Deputy Defense Secretary Gordon England dons a Santa hat Nov. 29, 2007, to remind managers at the Defense Department Manager’s Internal Control Program and Check-It Campaign Conference at Fort McNair, Washington, D.C., to check their lists twice to enforce internal controls within the department. Photo by Petty Officer 2nd Class Molly A. Burgess, USN
(Click photo for screen-resolution image);high-resolution image available.
Internal controls are critical as DoD manages a budget of more than $500 billion, not including war costs, England told attendees at the Manager’s Internal Control Program and Check-It Campaign Conference at Fort McNair here.
The way the department enforces its internal controls has a direct impact on the men and women in uniform defending the United States and its friends and allies, England said. “We are the people behind the lines, and we make it possible for our men and women who serve on the front lines … to do their jobs.
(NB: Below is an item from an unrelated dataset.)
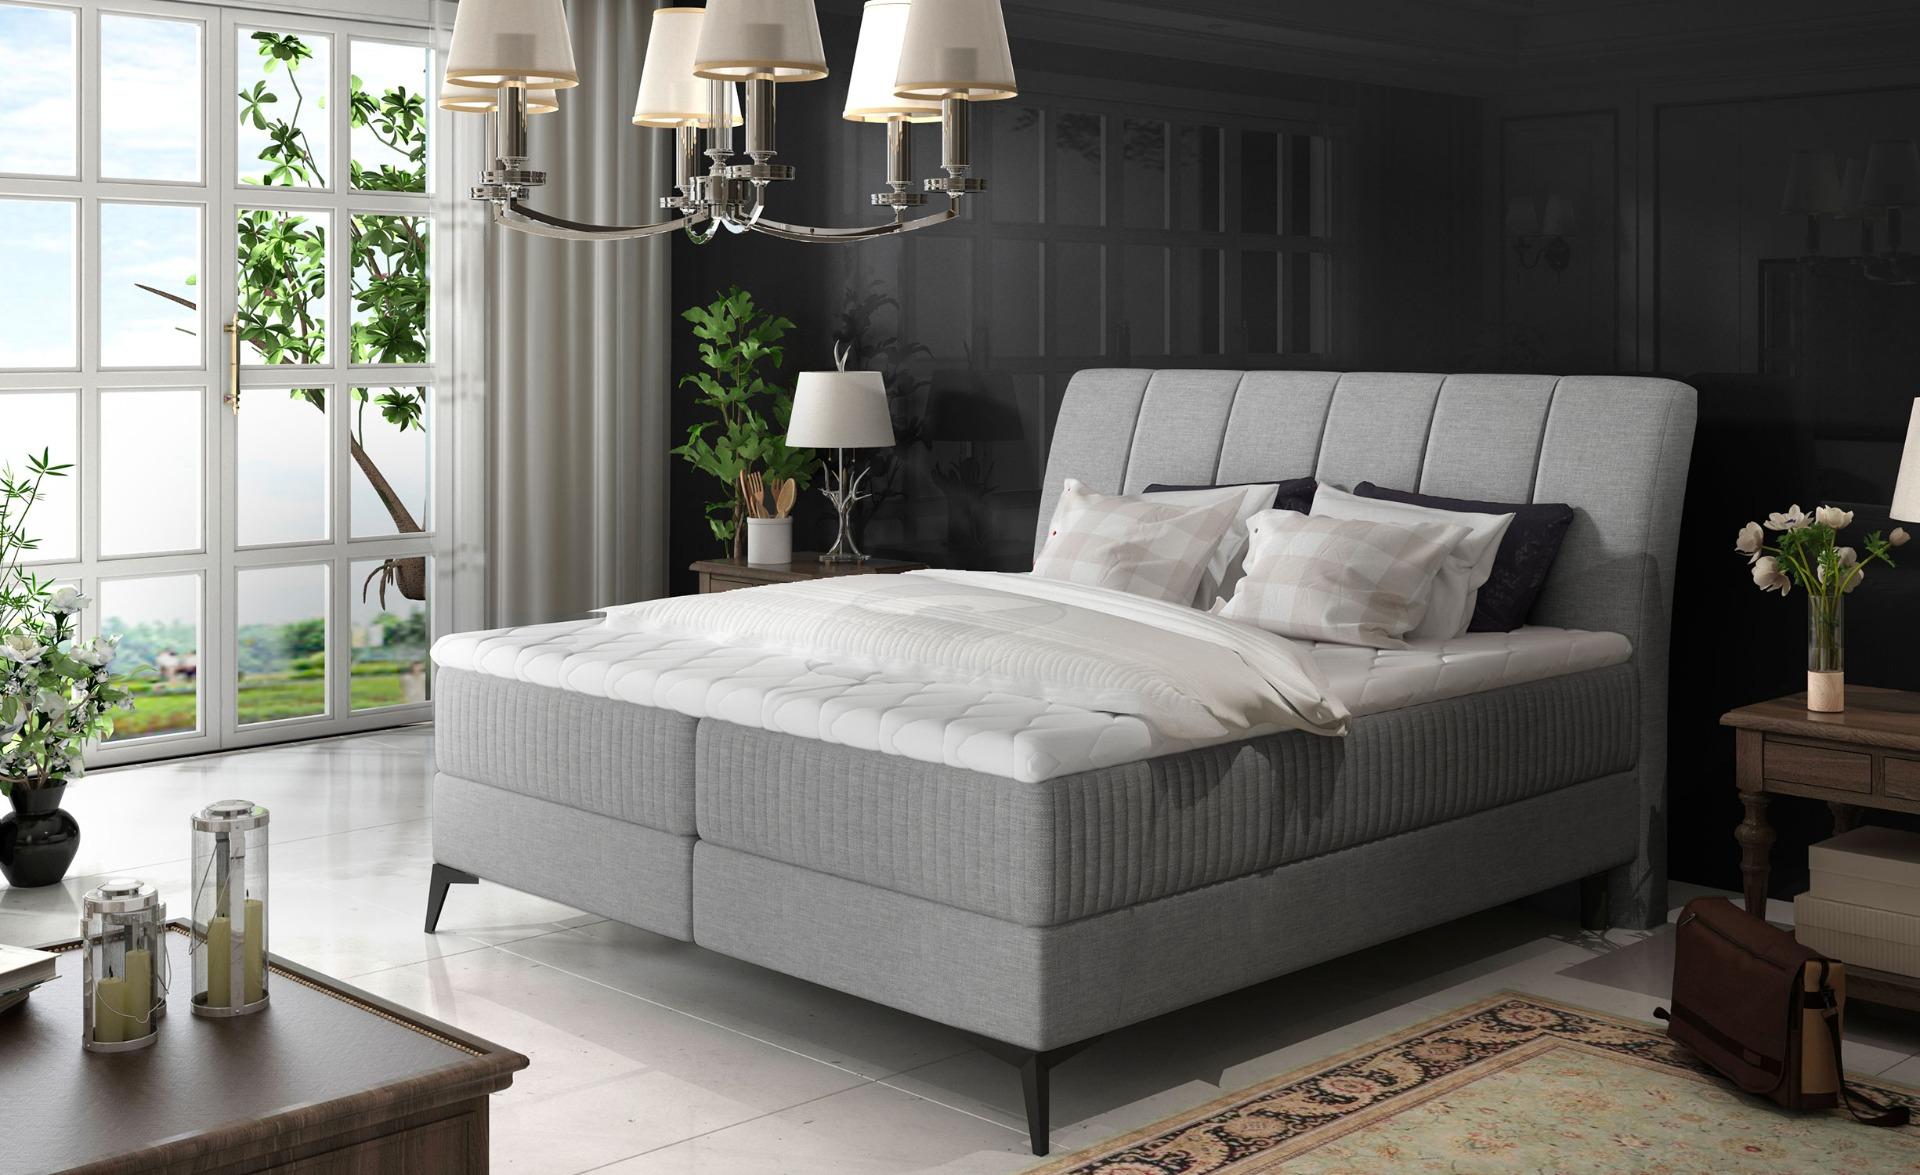 Aderito Bed met opbergruimte 140 cm grijze stof

They count on us every single day. They count on us doing this job, and they count on us doing it right.
“And we know that we do it right when we check it every day,” he said.
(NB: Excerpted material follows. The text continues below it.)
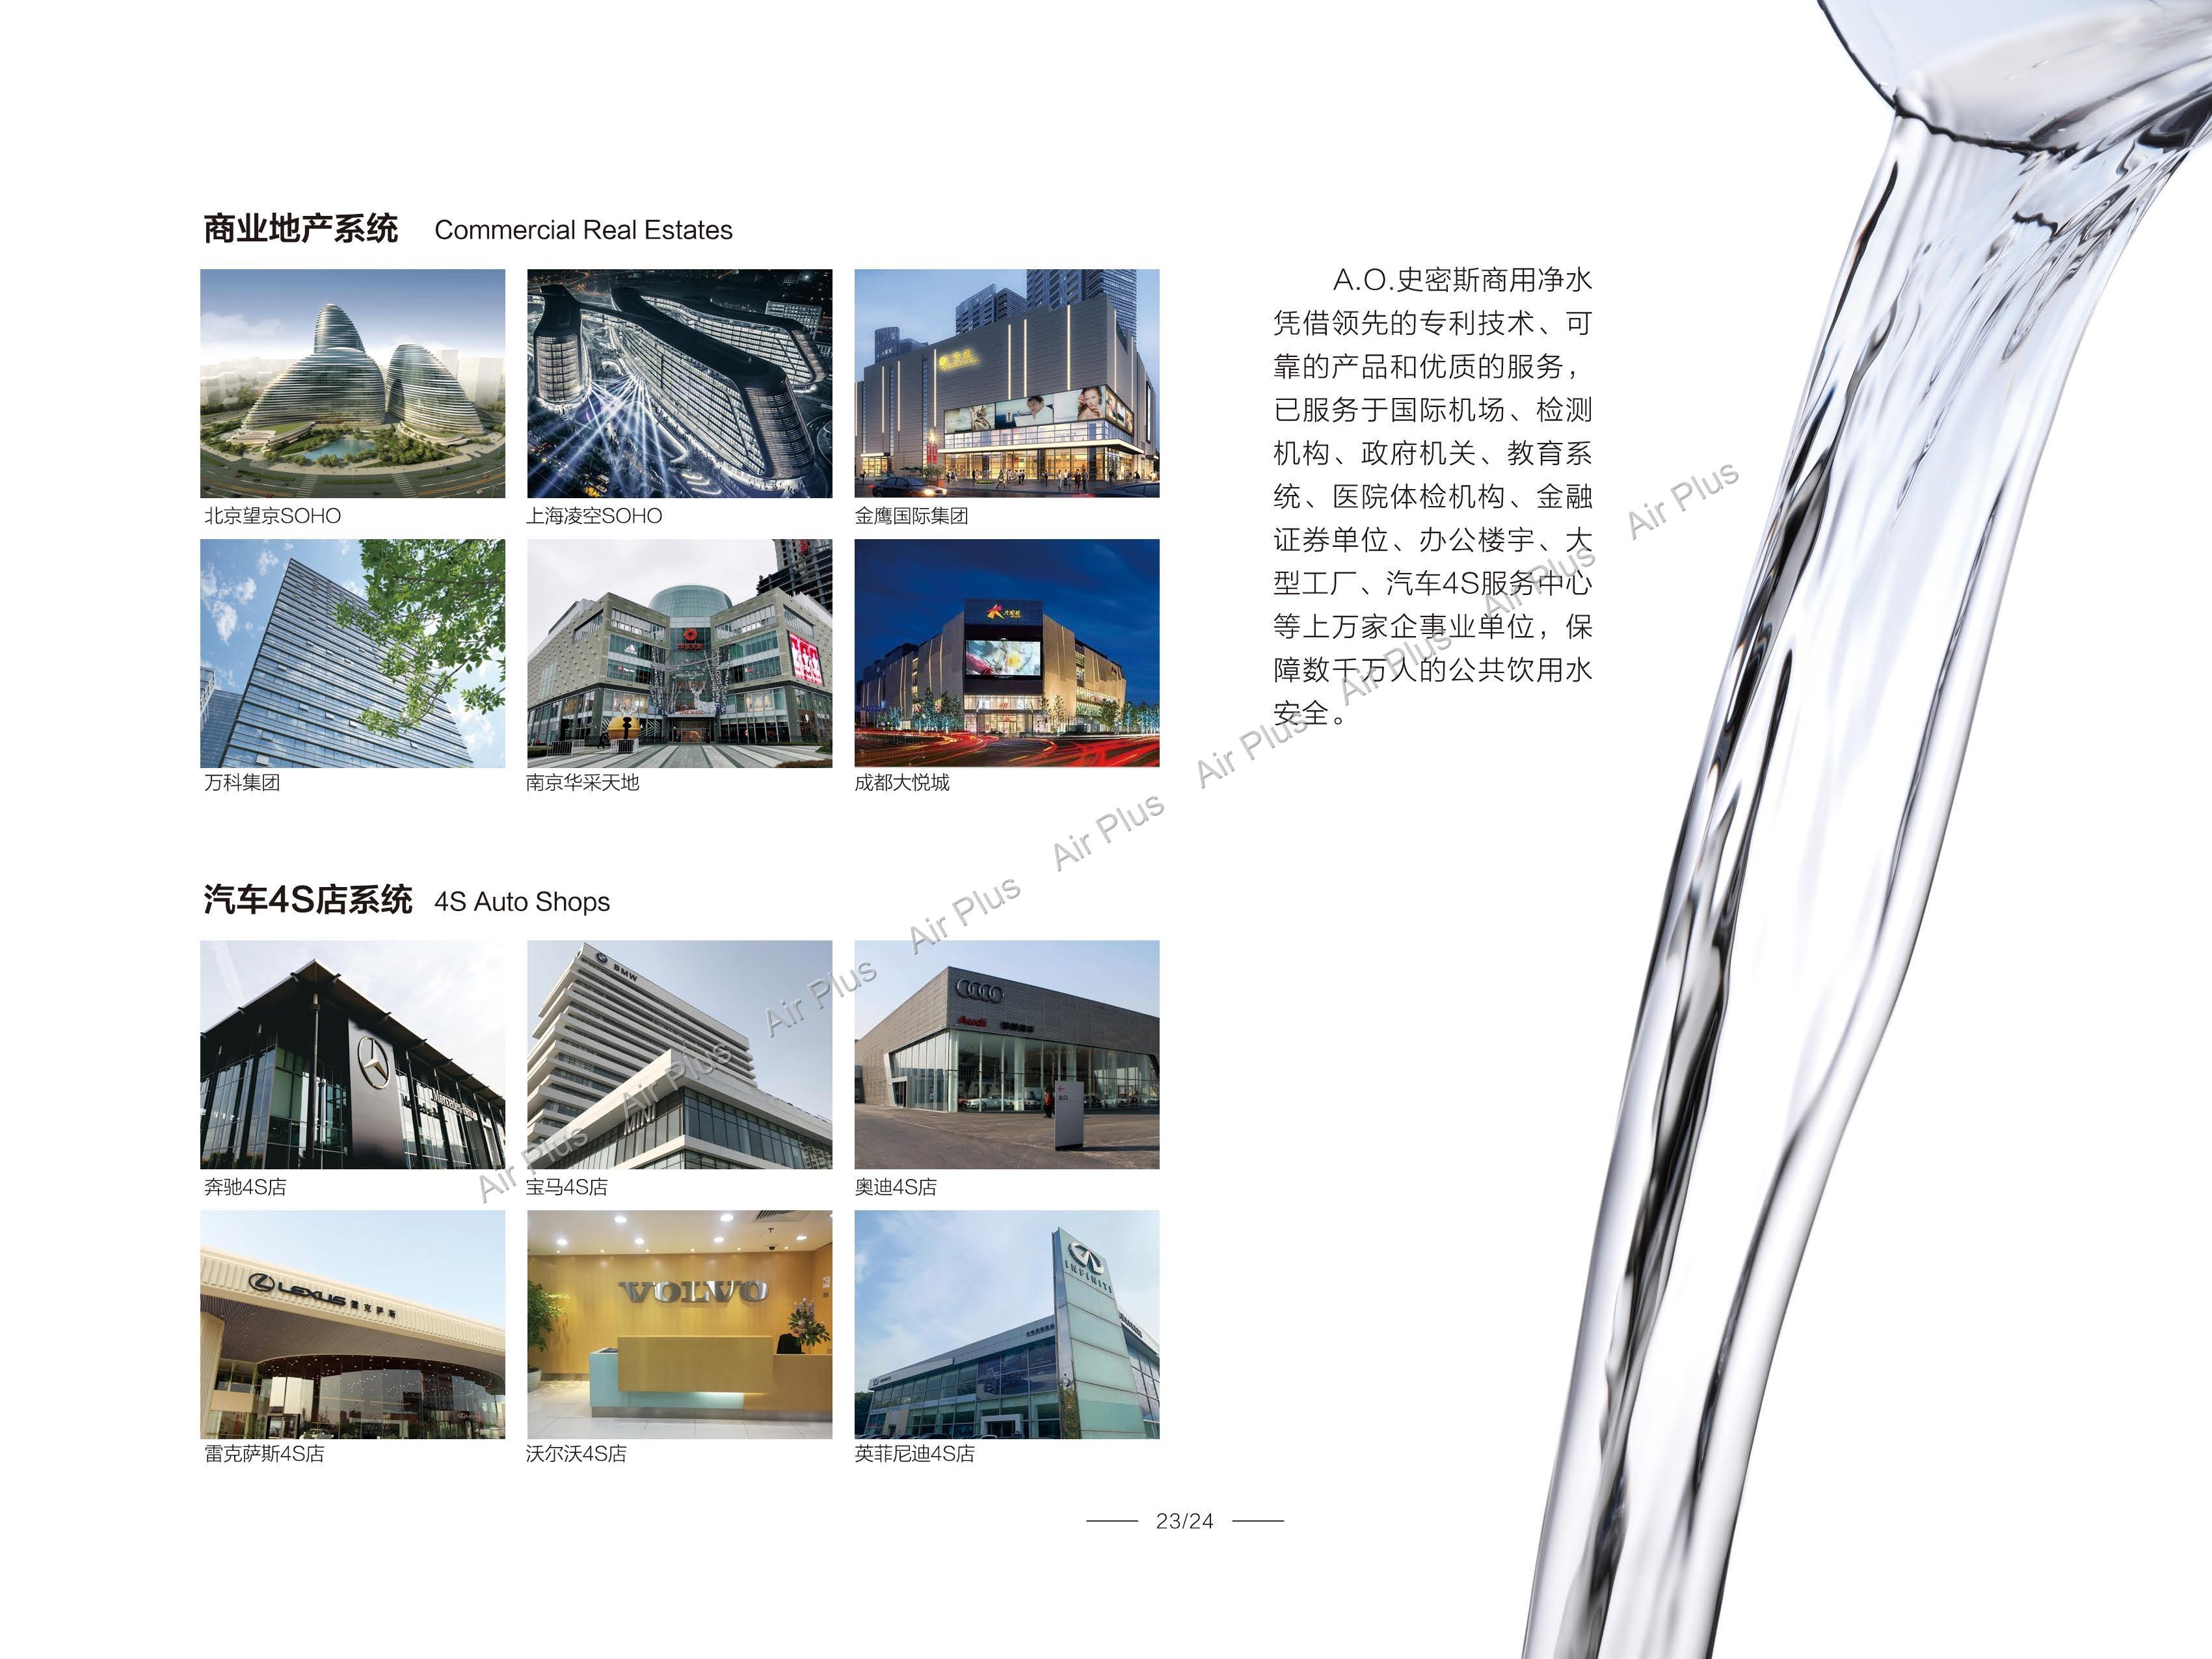 A.O.SMITH商用净水产品手册 手机端(1)_页面_25.jpg

England pointed to DoD’s “Check-It” program, which he kicked off in July 2006, as a key to that goal. The campaign aims to remind everyone throughout DoD of the importance of their jobs to the overall mission and of double-checking themselves to make sure they’re doing them right and not cutting corners.
“If you check things, then what should happen will happen,” England said in introducing the program. “It’s what we want to do every day in the jobs we do.”
That has big implications for the military, where “getting it right” is the only real option, he said.
Tina Jonas, DoD’s comptroller, said the Check It program is paying off through greater return on investments, hundreds of millions of dollars in savings and governmentwide recognition of the department’s accomplishments. “You are the ones who are making it happen,” she told the managers.
She noted an 84 percent reduction in self-identified internal control weaknesses since 2001 – from 116 to 19 today. “That’s progress,” she said.
Jonas also pointed to other measures of this forward momentum. She noted that in 2001, only two DoD entities had achieved a clean audit opinion on their financial statements. By 2006, that number had increased to six. The department’s goal is to bring two-thirds of its entities to this standard by fiscal 2009, she said.
England thanked defense managers for the hard work that’s brought about this progress and challenged them to get the remaining 19 internal control weaknesses cleared up before he leaves office in 417 days. “I ask for your energy and support,” he said. “What you do is vitally important to the Department of Defense.”